TASK PROMPT
No pictures go into the copy. Write out exactly the lines below from the one containing "Januar 2017 slår" through the one containing "The Joker - Dark".

RECORD EXTRACTS
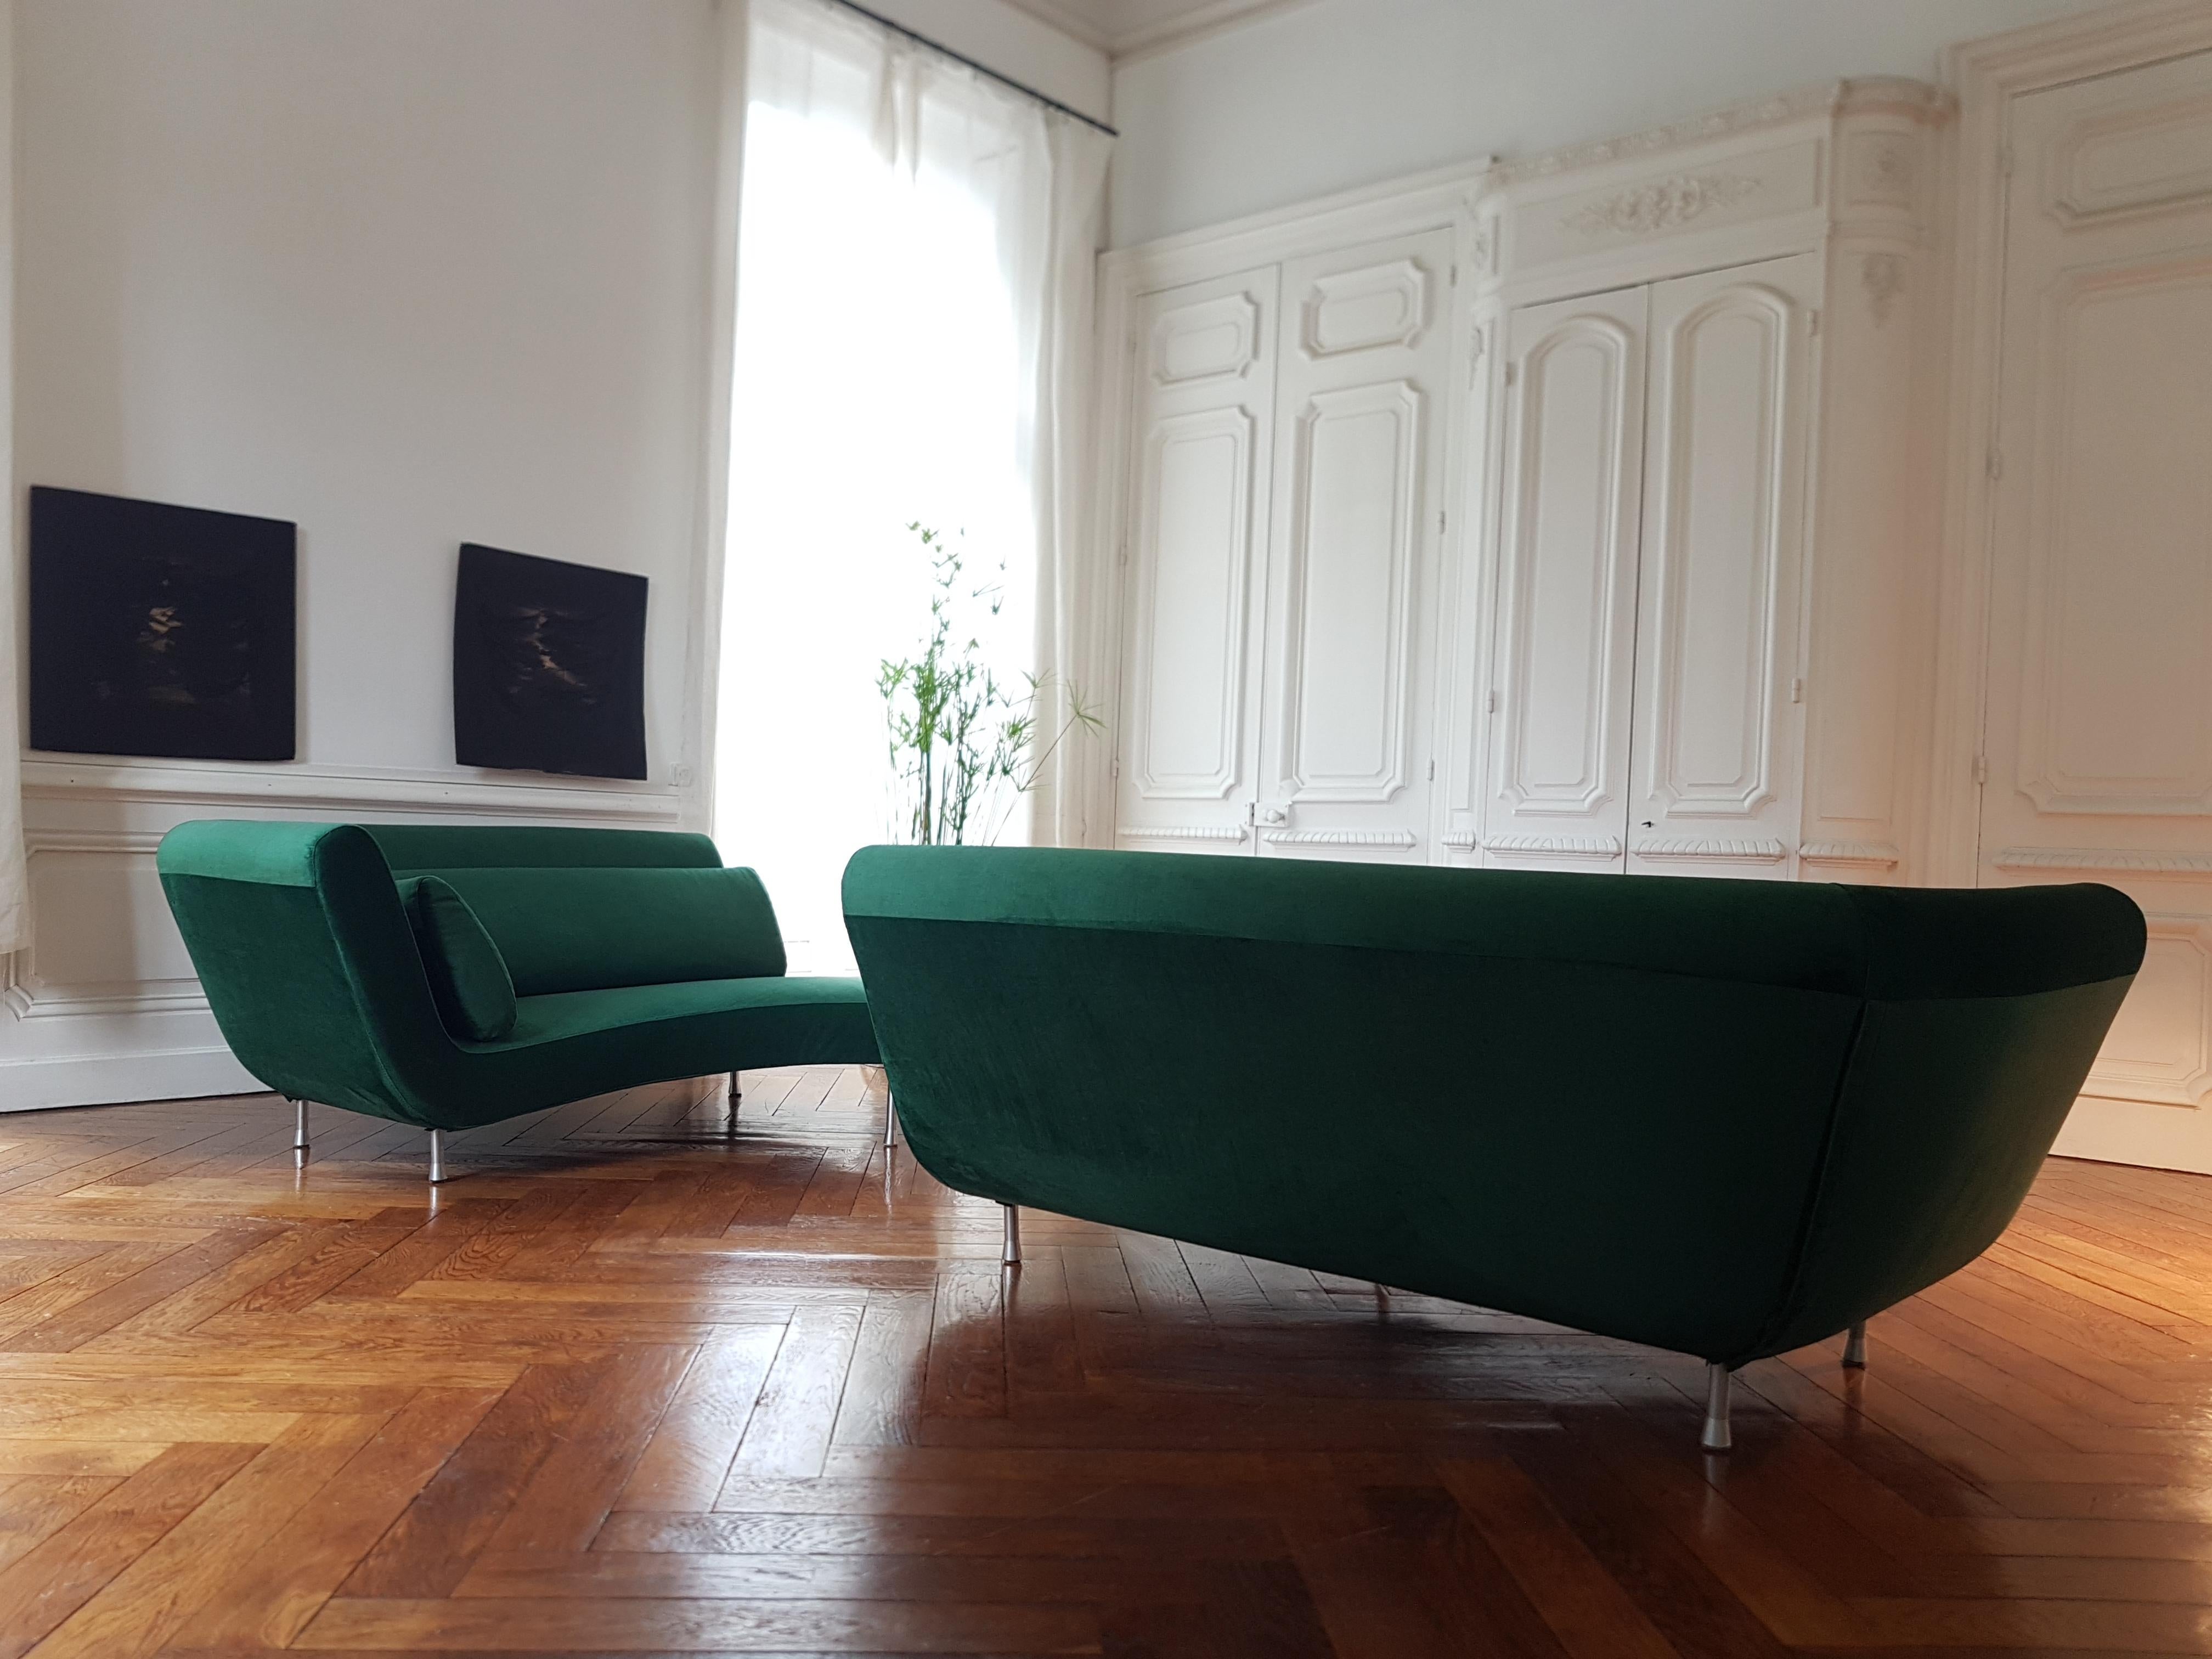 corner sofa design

---

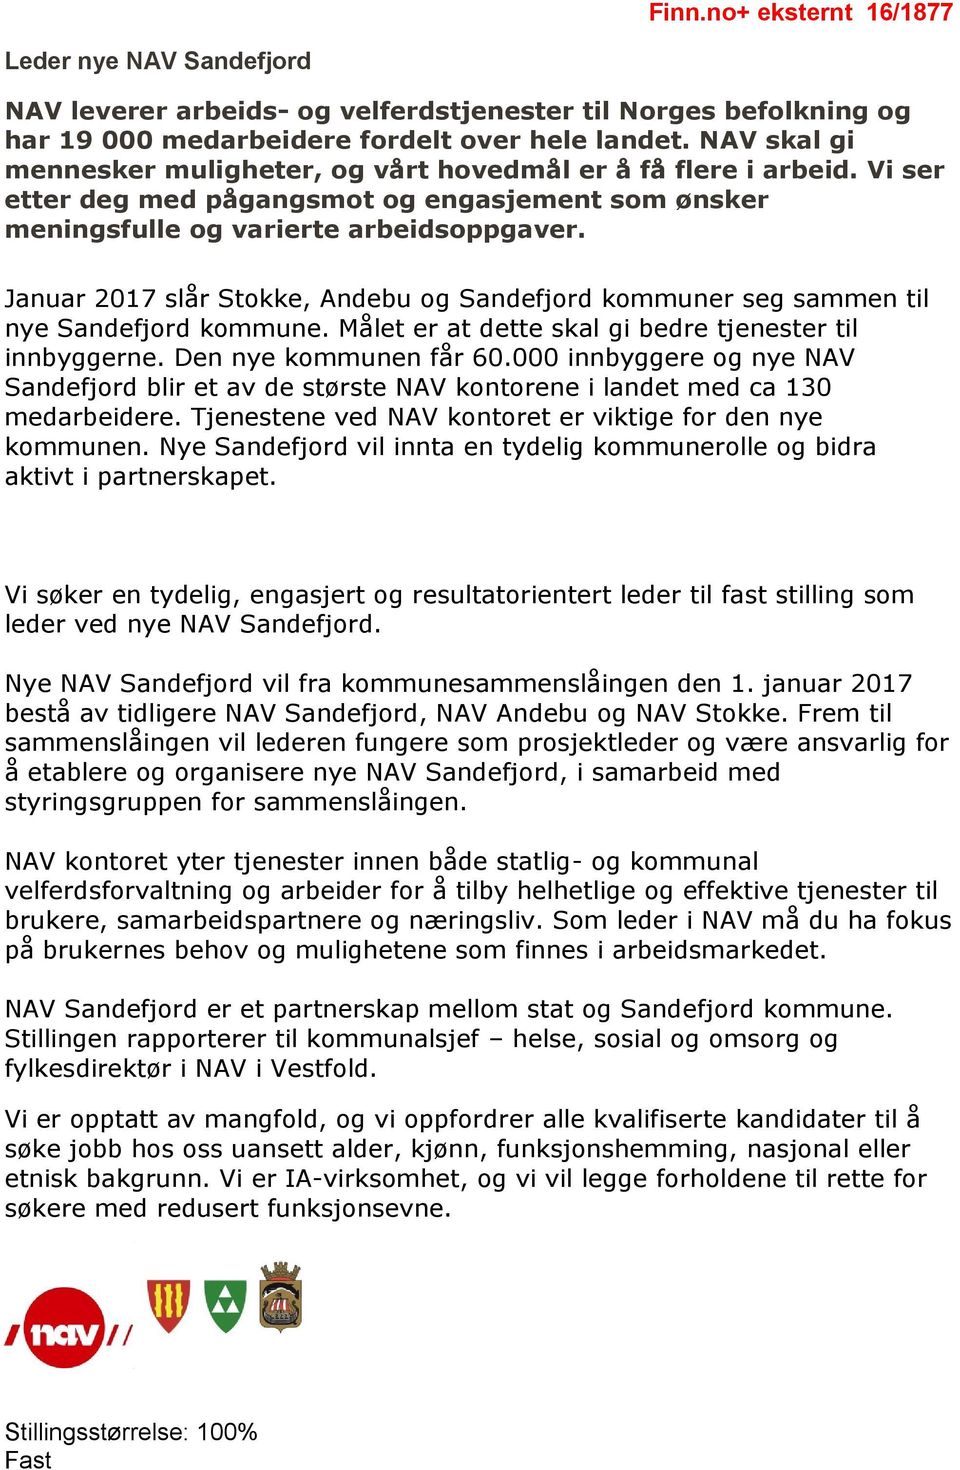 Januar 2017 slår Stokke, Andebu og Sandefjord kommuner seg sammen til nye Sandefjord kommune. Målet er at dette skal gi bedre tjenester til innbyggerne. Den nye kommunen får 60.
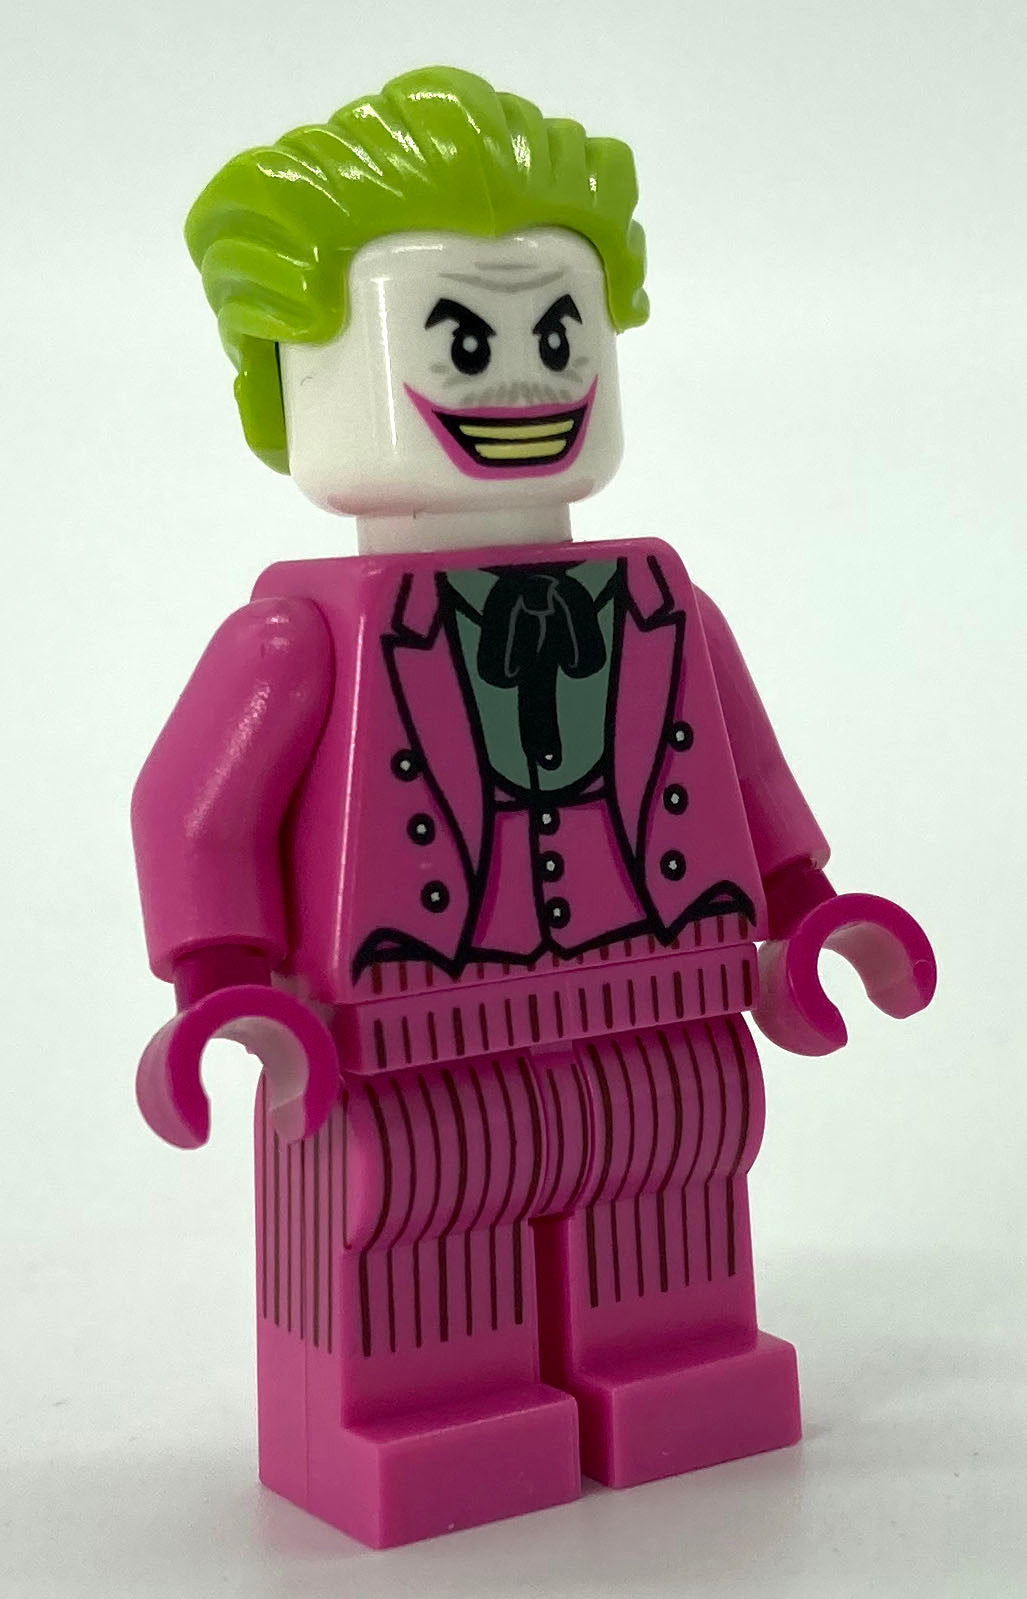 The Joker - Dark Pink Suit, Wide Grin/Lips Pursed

TASK RESPONSE
 Januar 2017 slår Stokke, Andebu og Sandefjord kommuner seg sammen til nye Sandefjord kommune. Målet er at dette skal gi bedre tjenester til innbyggerne. Den nye kommunen får 60.
 The Joker - Dark Pink Suit, Wide Grin/Lips Pursed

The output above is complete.